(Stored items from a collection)
....

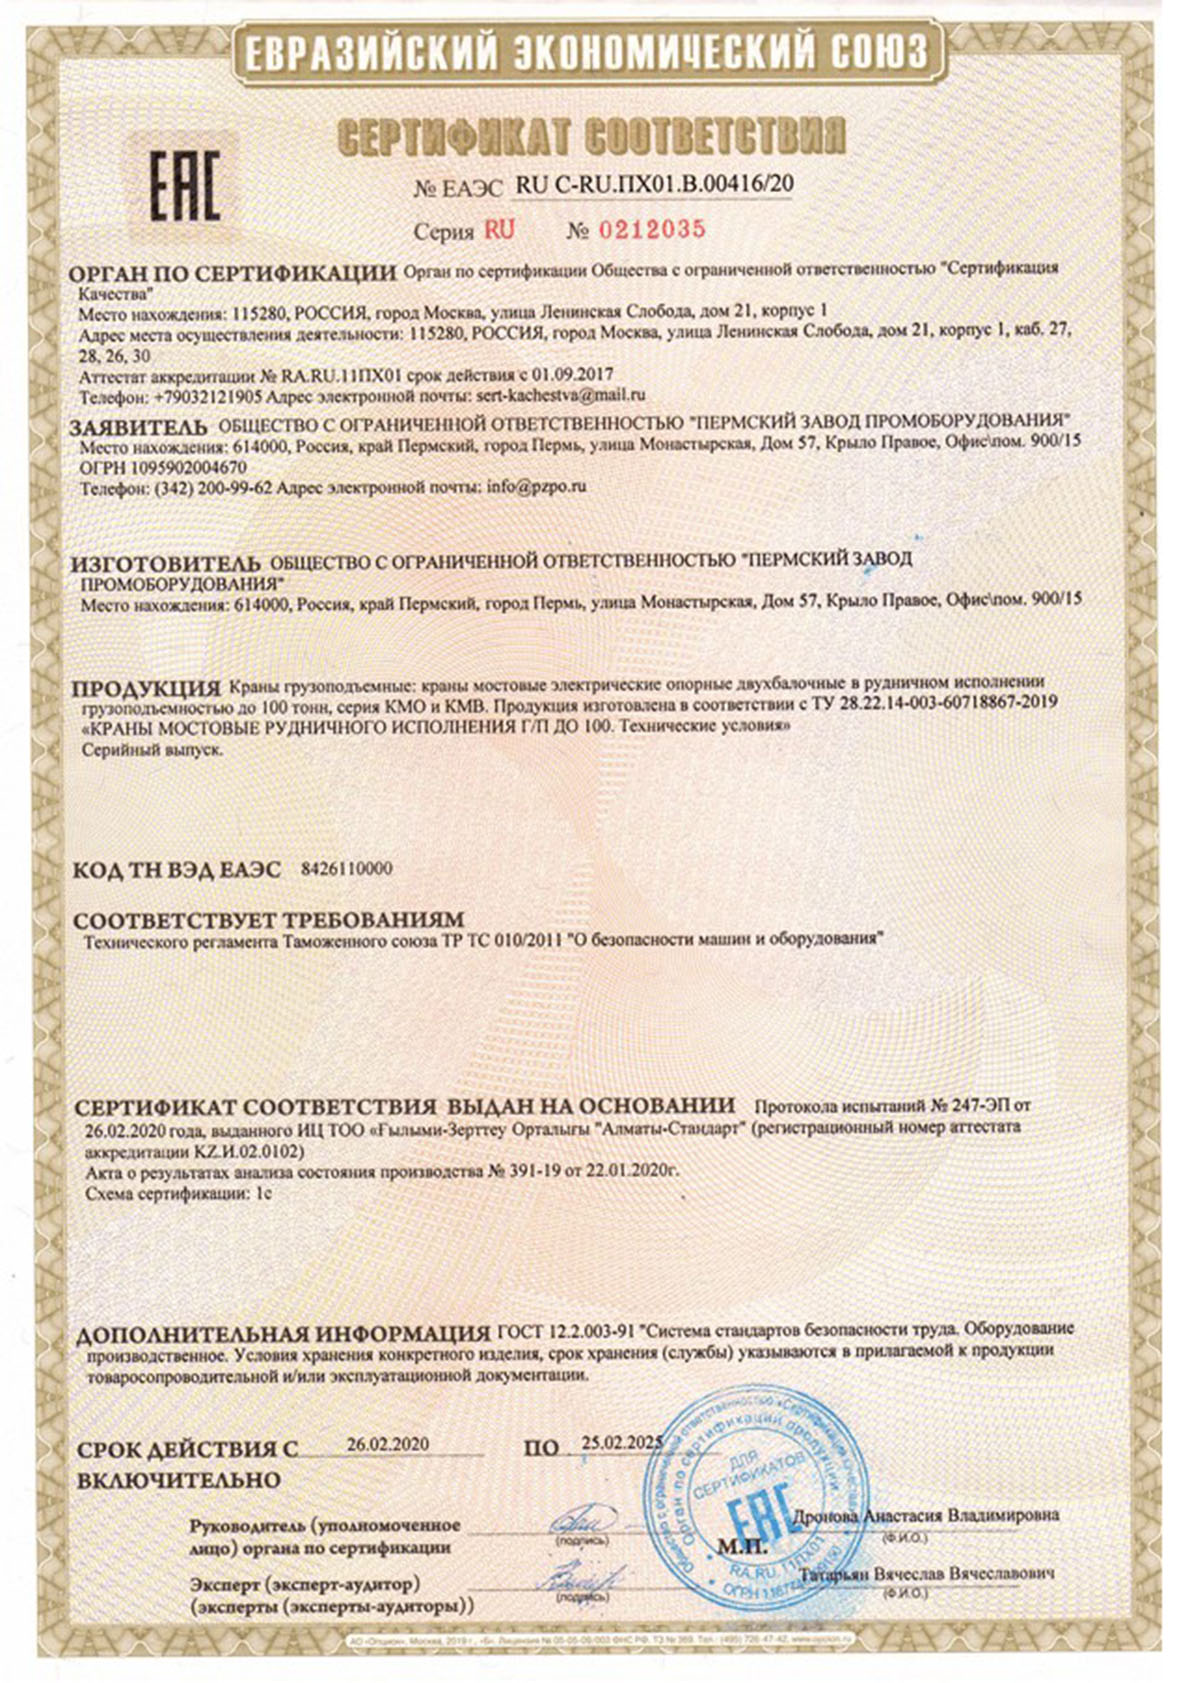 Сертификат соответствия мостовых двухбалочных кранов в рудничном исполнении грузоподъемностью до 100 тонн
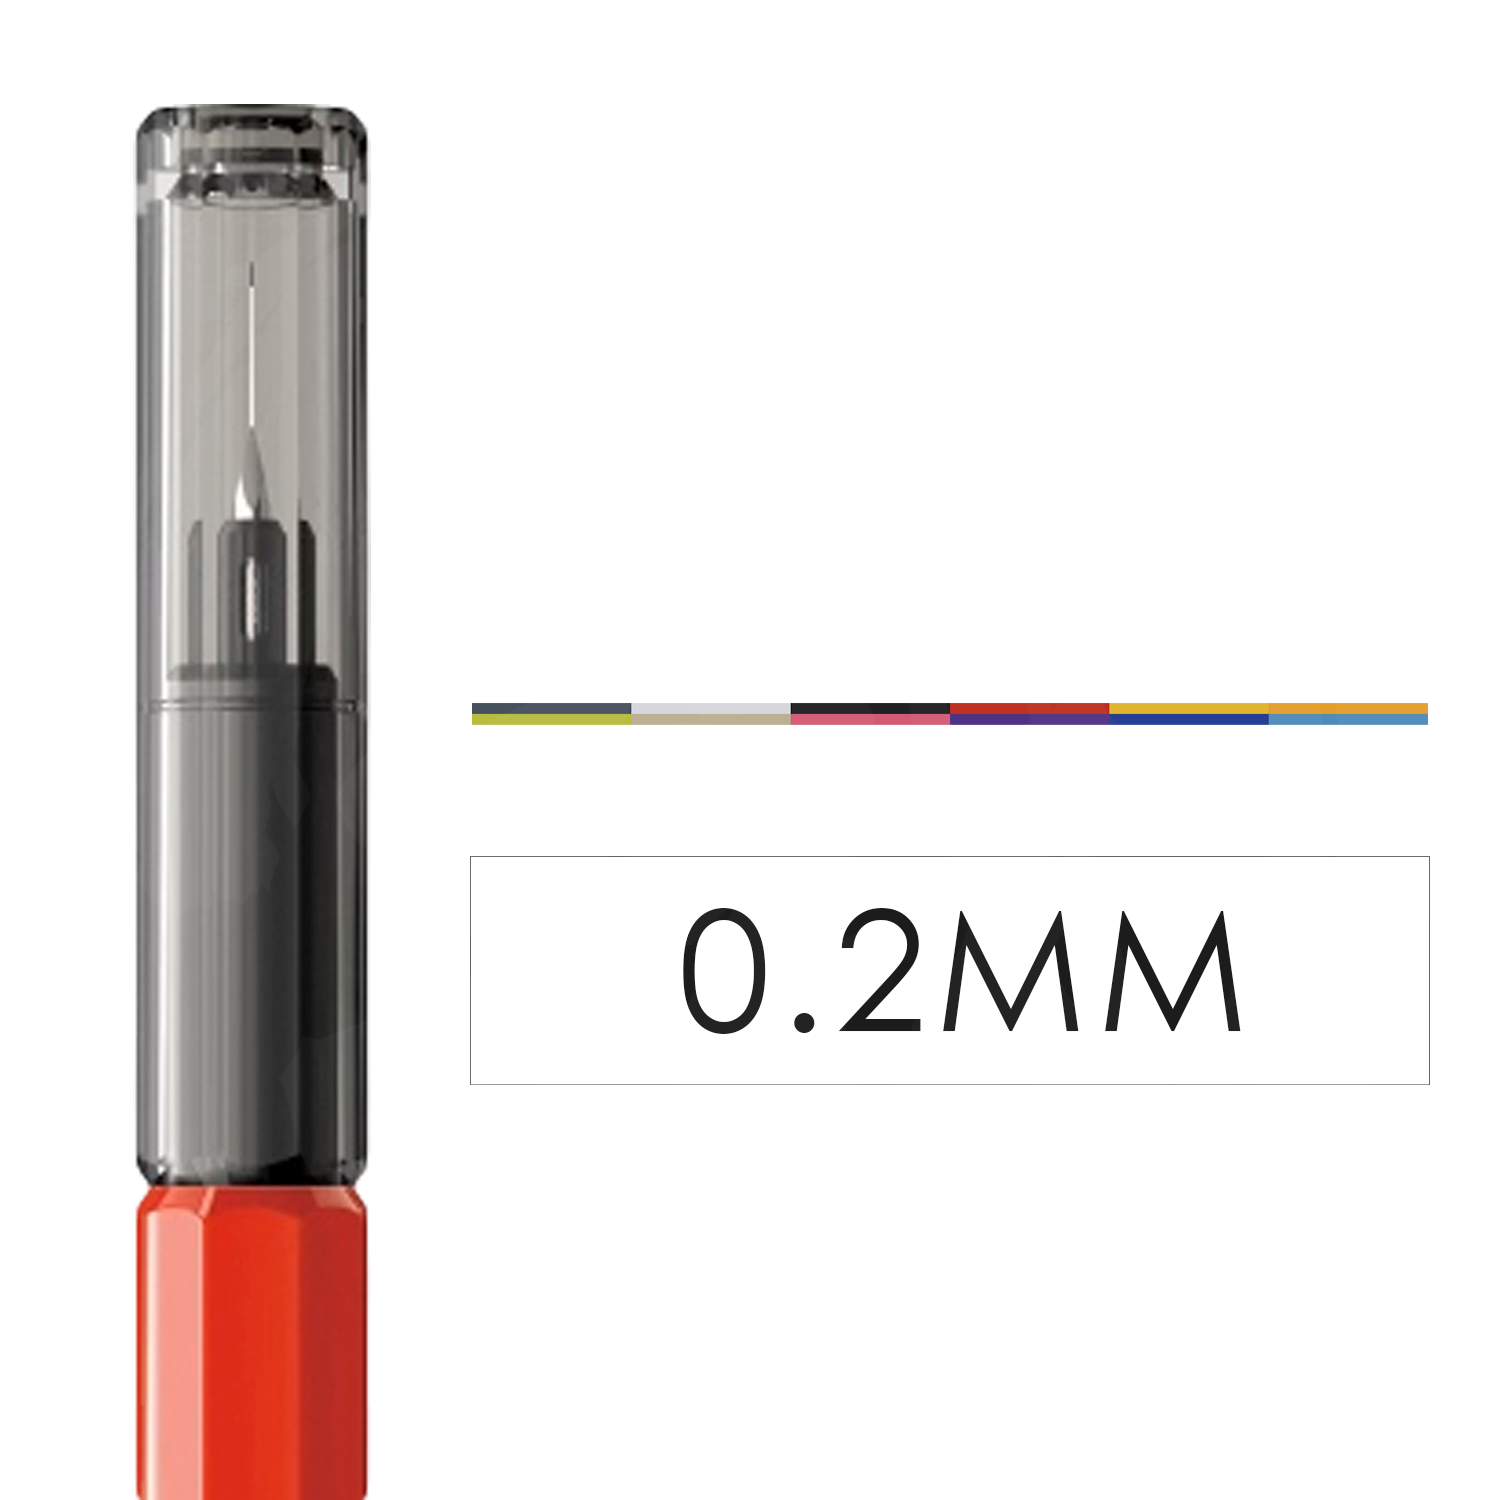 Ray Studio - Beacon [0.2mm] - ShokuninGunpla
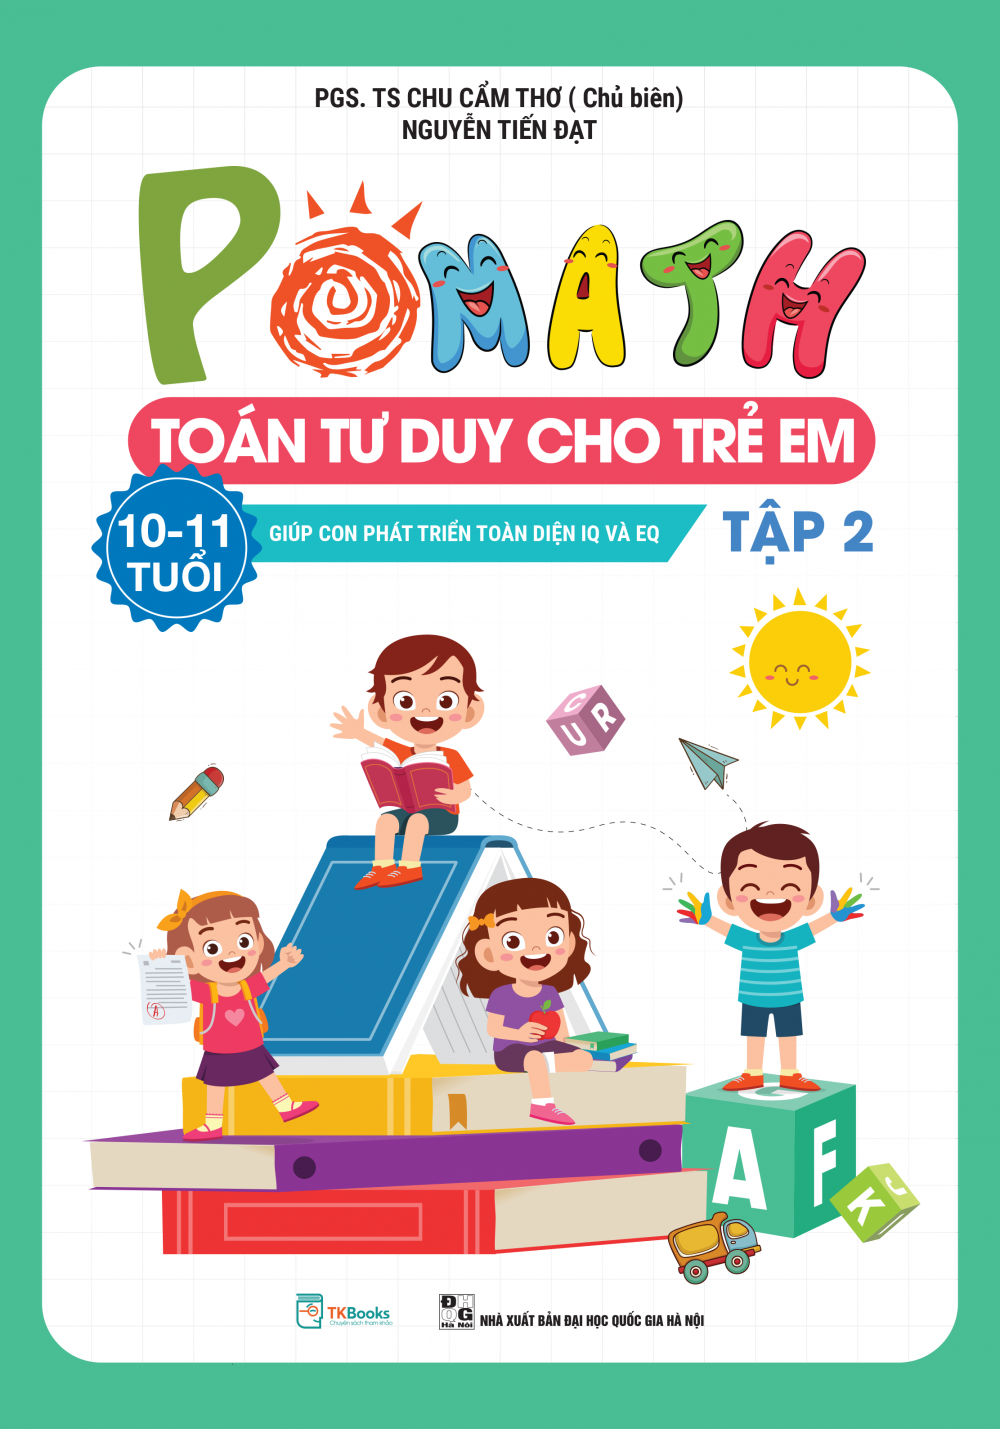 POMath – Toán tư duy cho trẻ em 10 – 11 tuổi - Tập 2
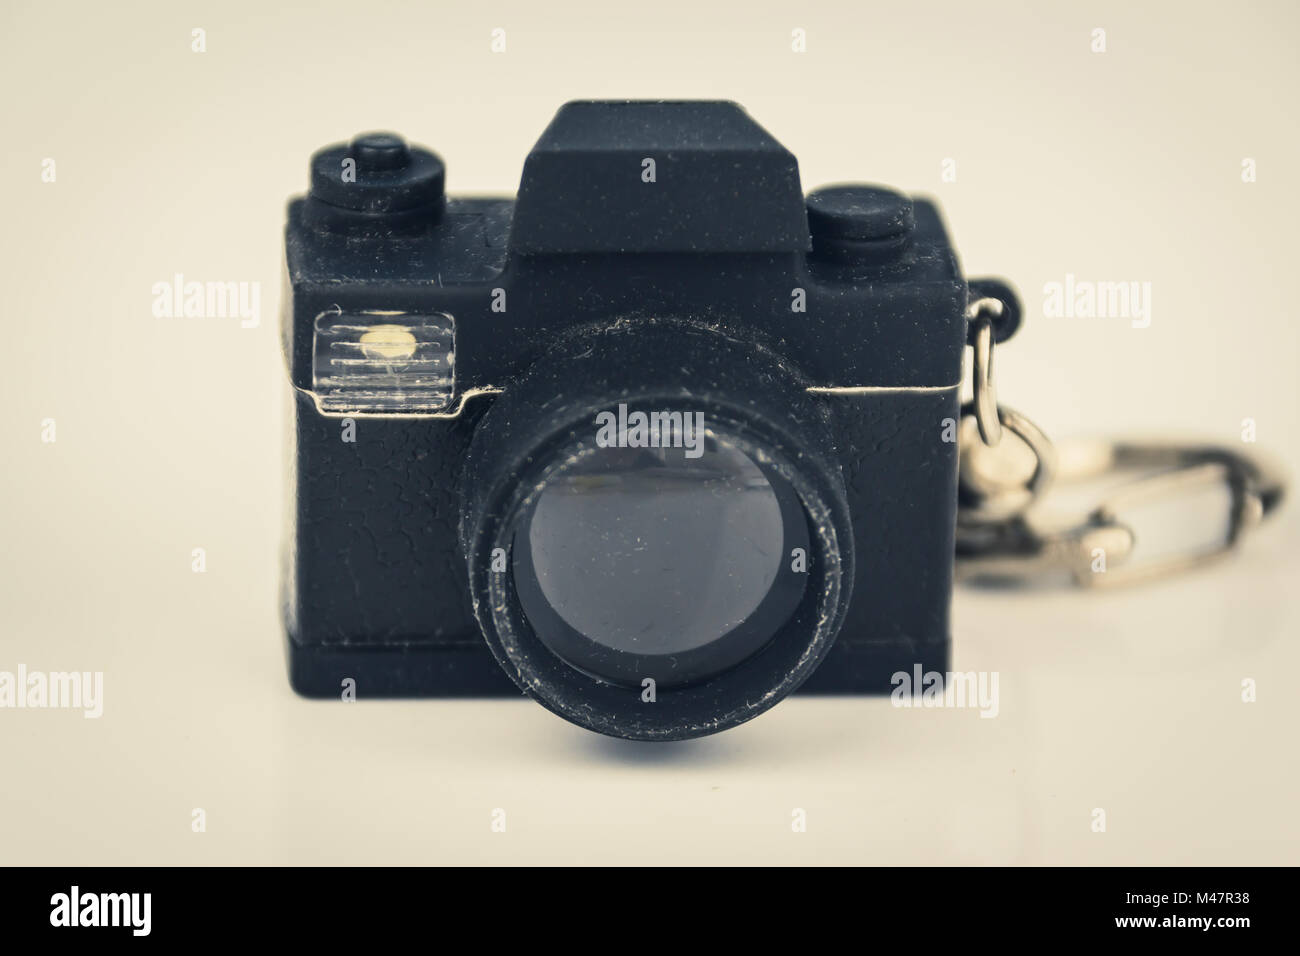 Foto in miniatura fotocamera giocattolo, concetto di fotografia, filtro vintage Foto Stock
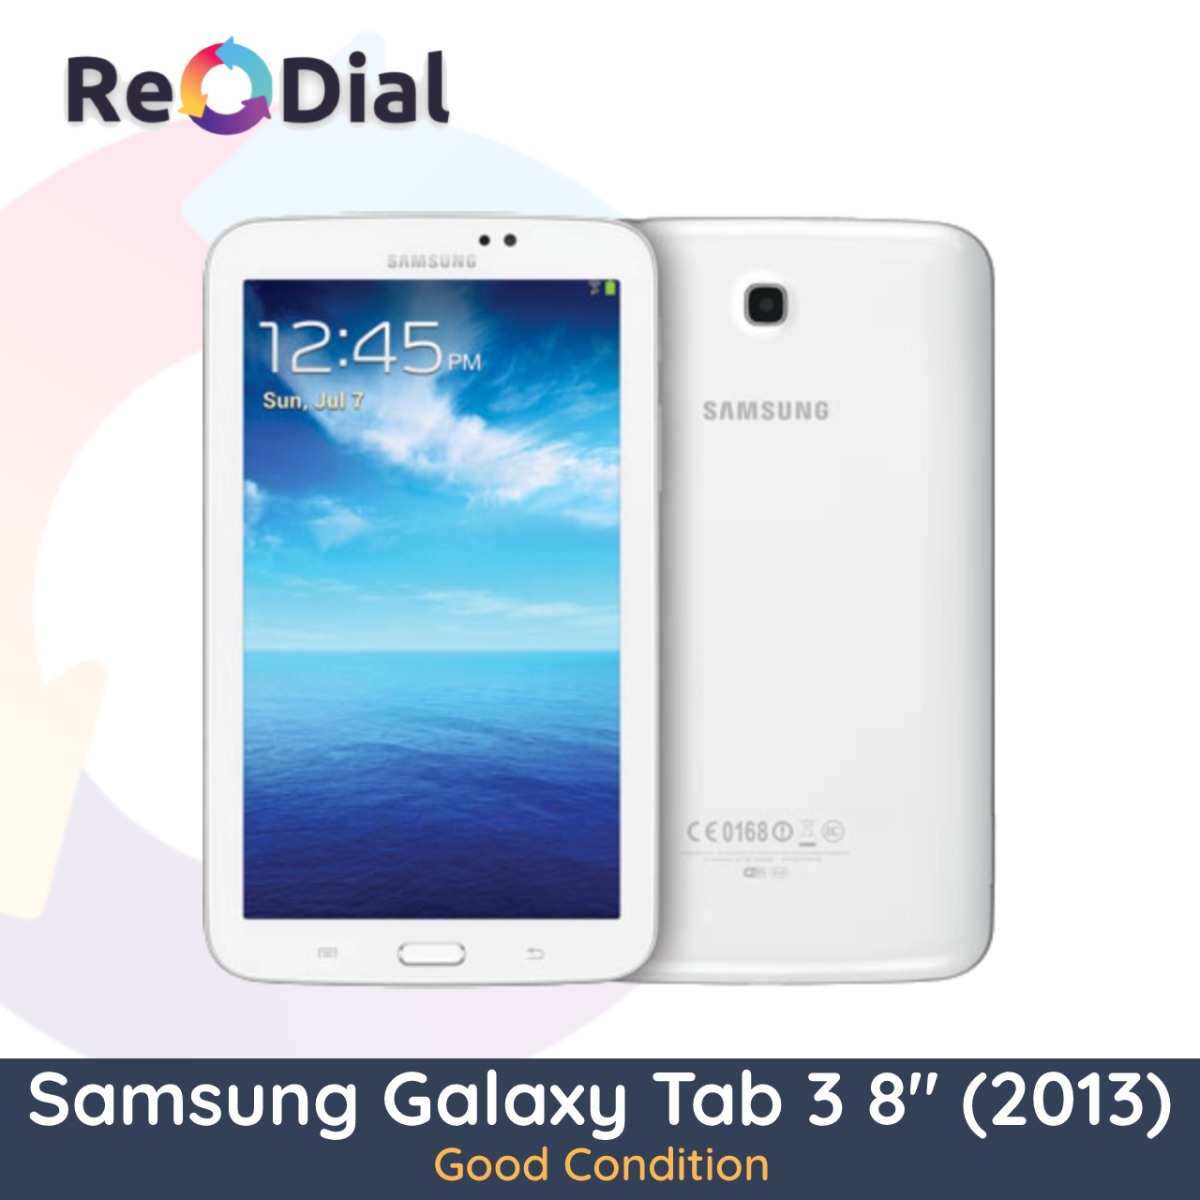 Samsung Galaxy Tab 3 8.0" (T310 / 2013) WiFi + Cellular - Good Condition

....

How to complete this task -> Please output an exact repetition of the lines from the line containing "Foto in miniatura" to the end of the records, both included, with no pictures and no additional text.

Output for this task ->
 Foto in miniatura fotocamera giocattolo, concetto di fotografia, filtro vintage Foto Stock
 Samsung Galaxy Tab 3 8.0" (T310 / 2013) WiFi + Cellular - Good Condition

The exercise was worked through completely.